** Your objective **
All the data that follows should be repeated exactly, without a single picture.

** Data excerpt **
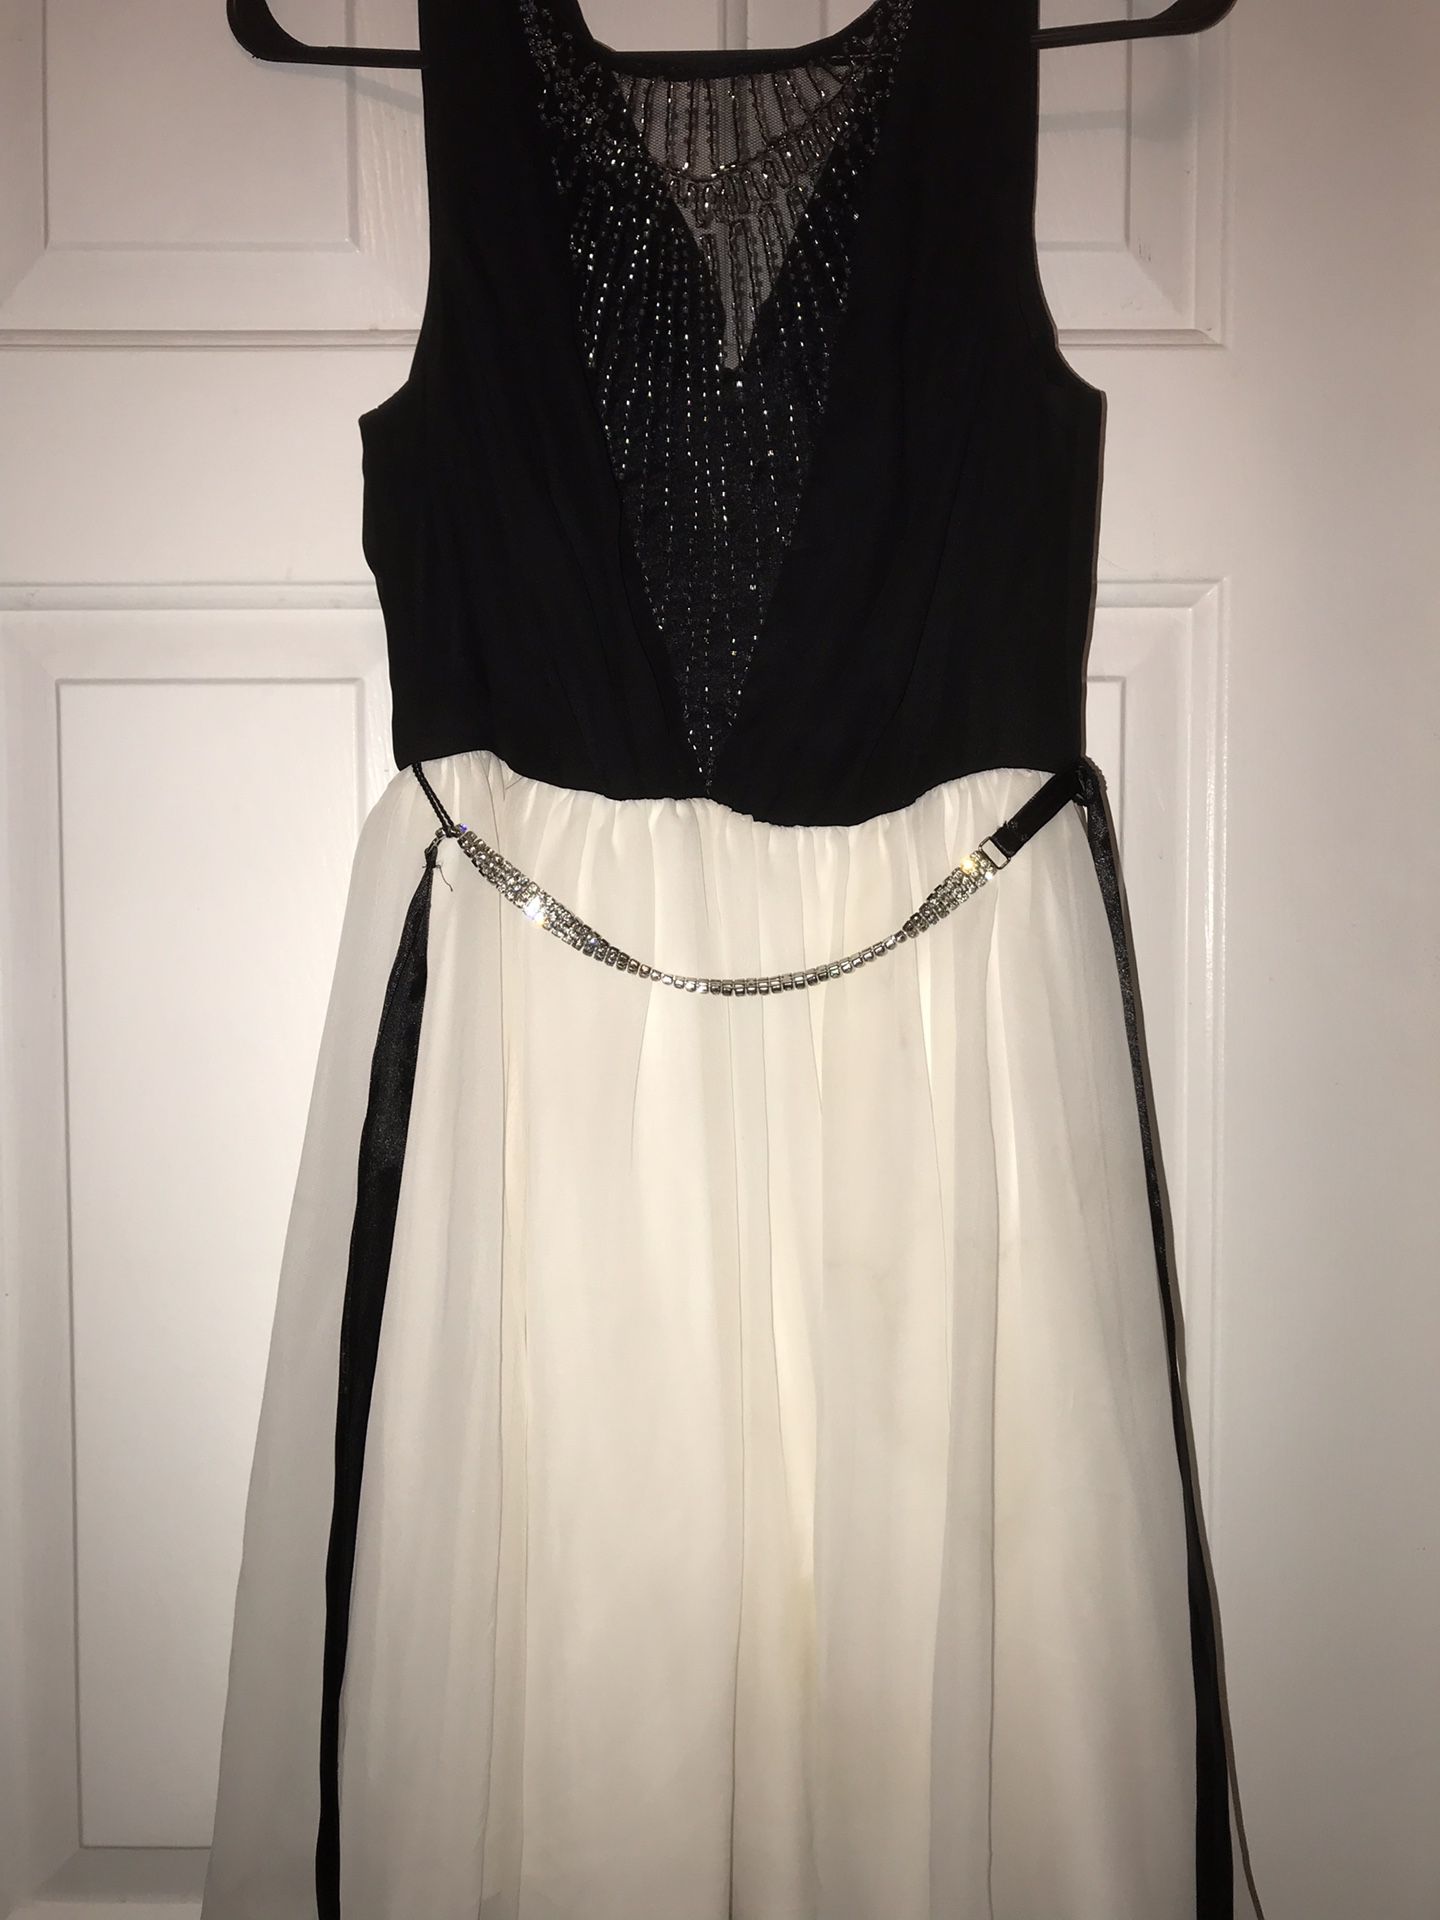 fashionable/fancy dress - size 6
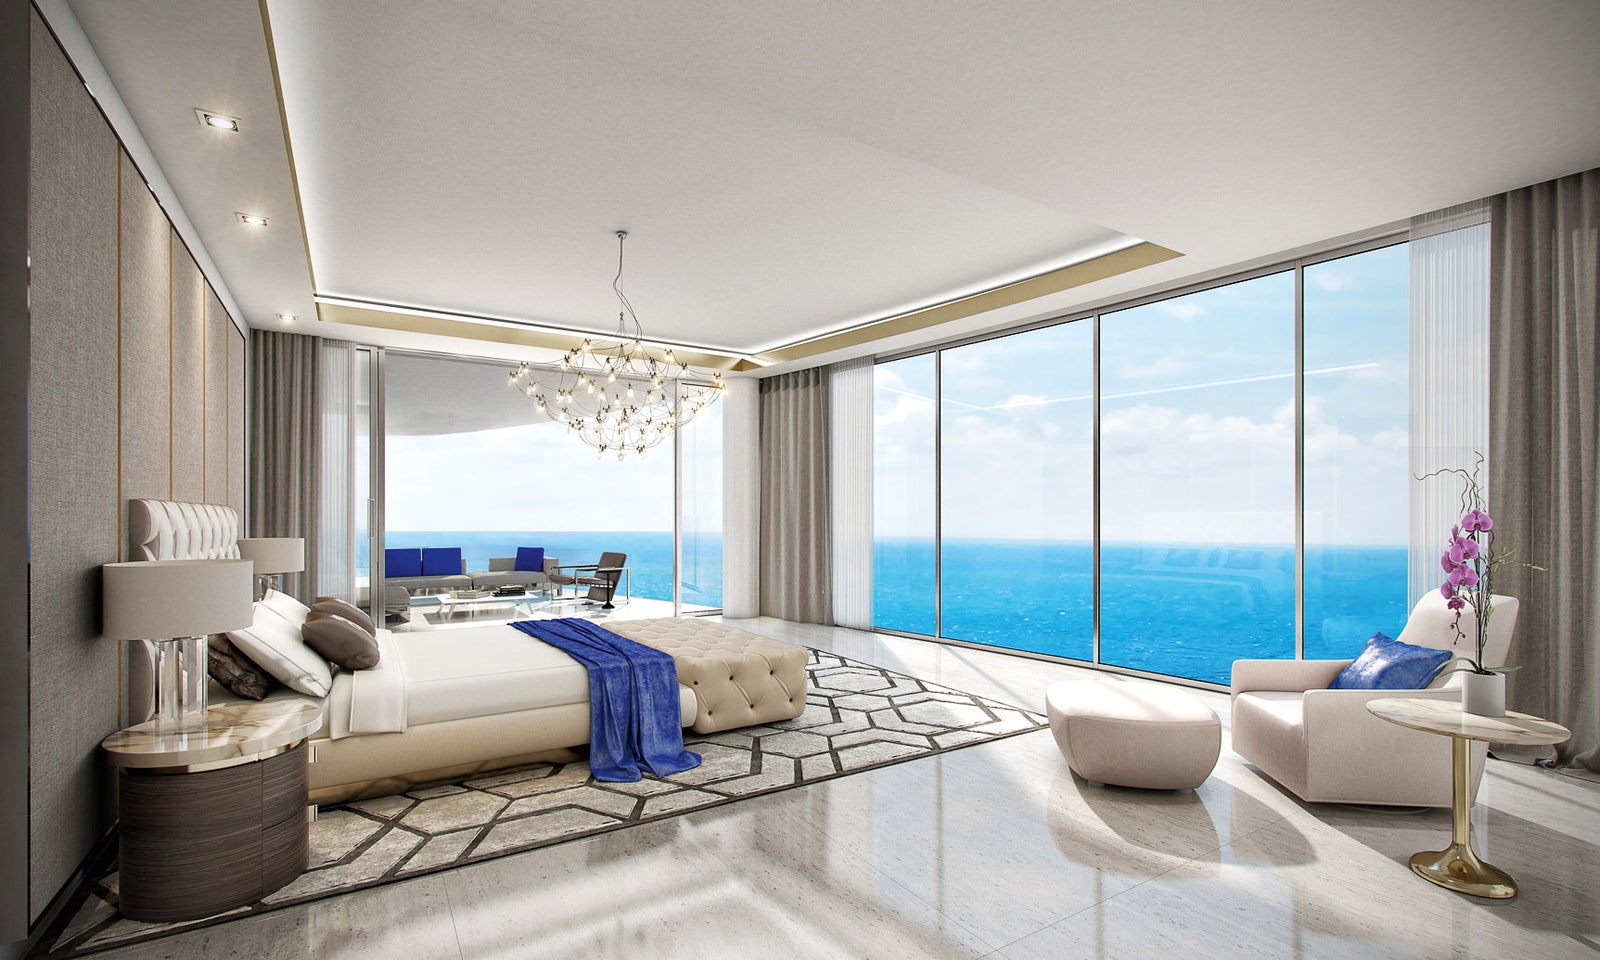 Главная спальня одной из проектируемых квартир. Из панорамных окон виден океан.
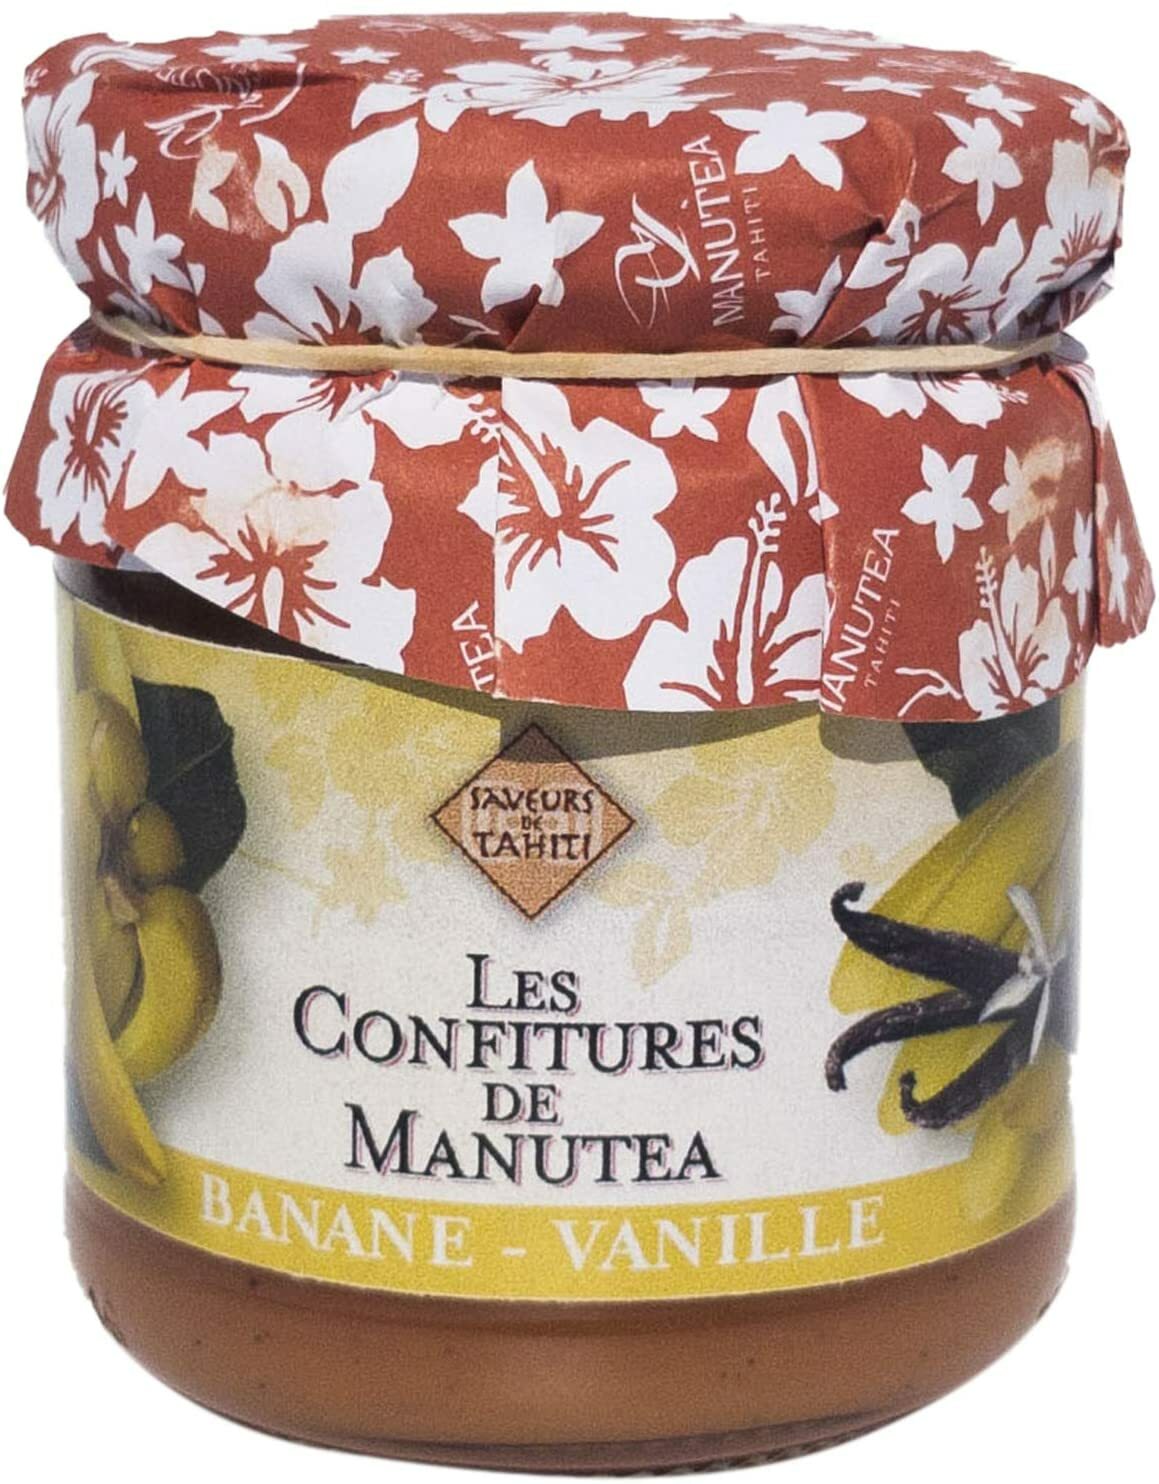 Manutea Bananen und Vanillemarmelade aus Tahiti
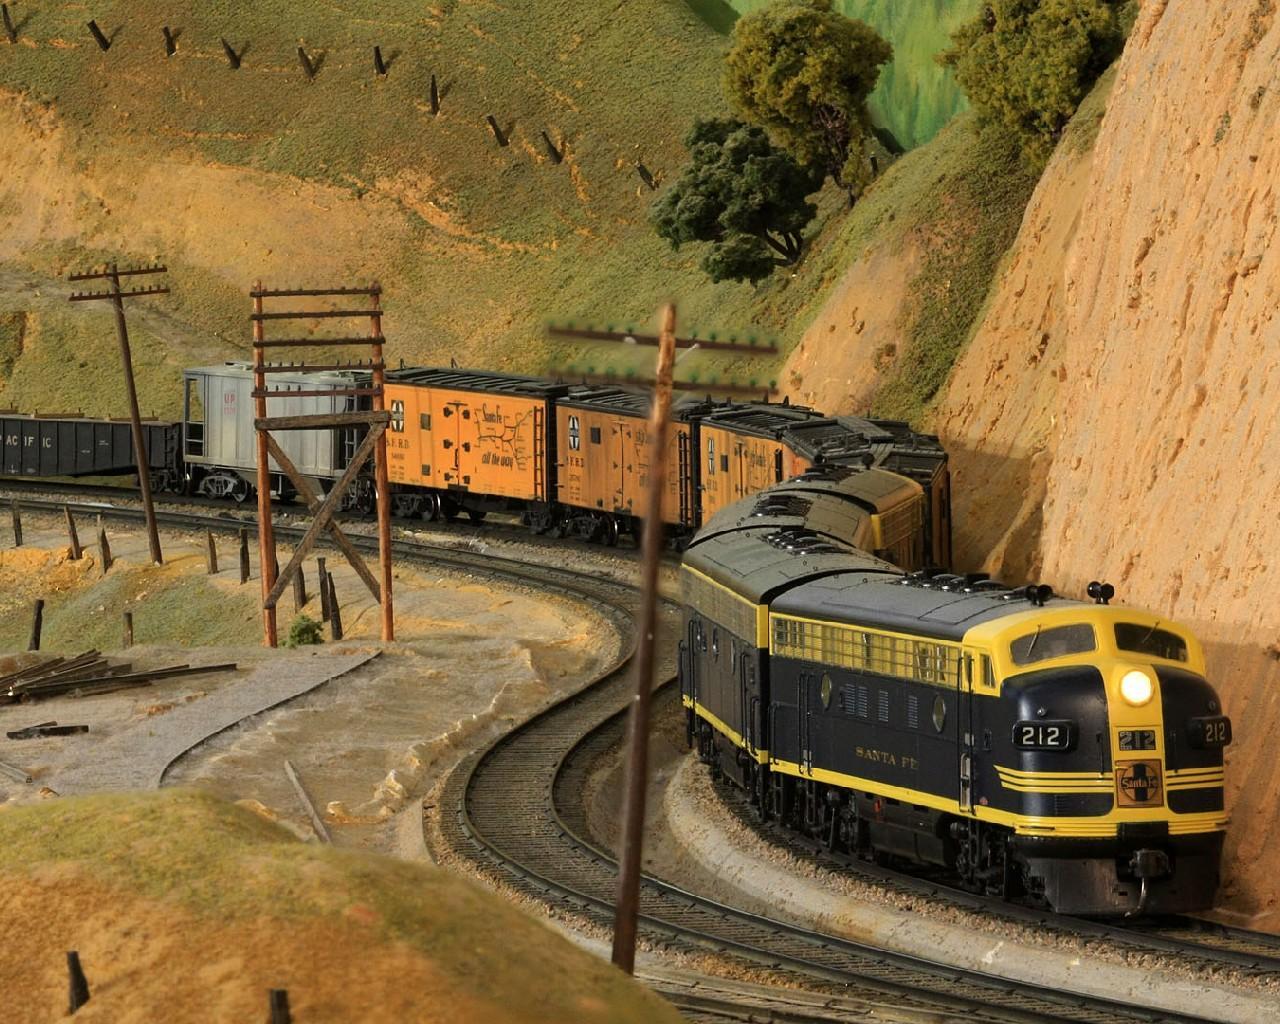 Железная дорога модель Траин. Трансокеанская железная дорога. Tech Train 90127 модель железной дороги. Железная дорога обои.

** Solution for this task **
 fashionable/fancy dress - size 6
 Главная спальня одной из проектируемых квартир. Из панорамных окон виден океан.
 Manutea Bananen und Vanillemarmelade aus Tahiti
 Железная дорога модель Траин. Трансокеанская железная дорога. Tech Train 90127 модель железной дороги. Железная дорога обои.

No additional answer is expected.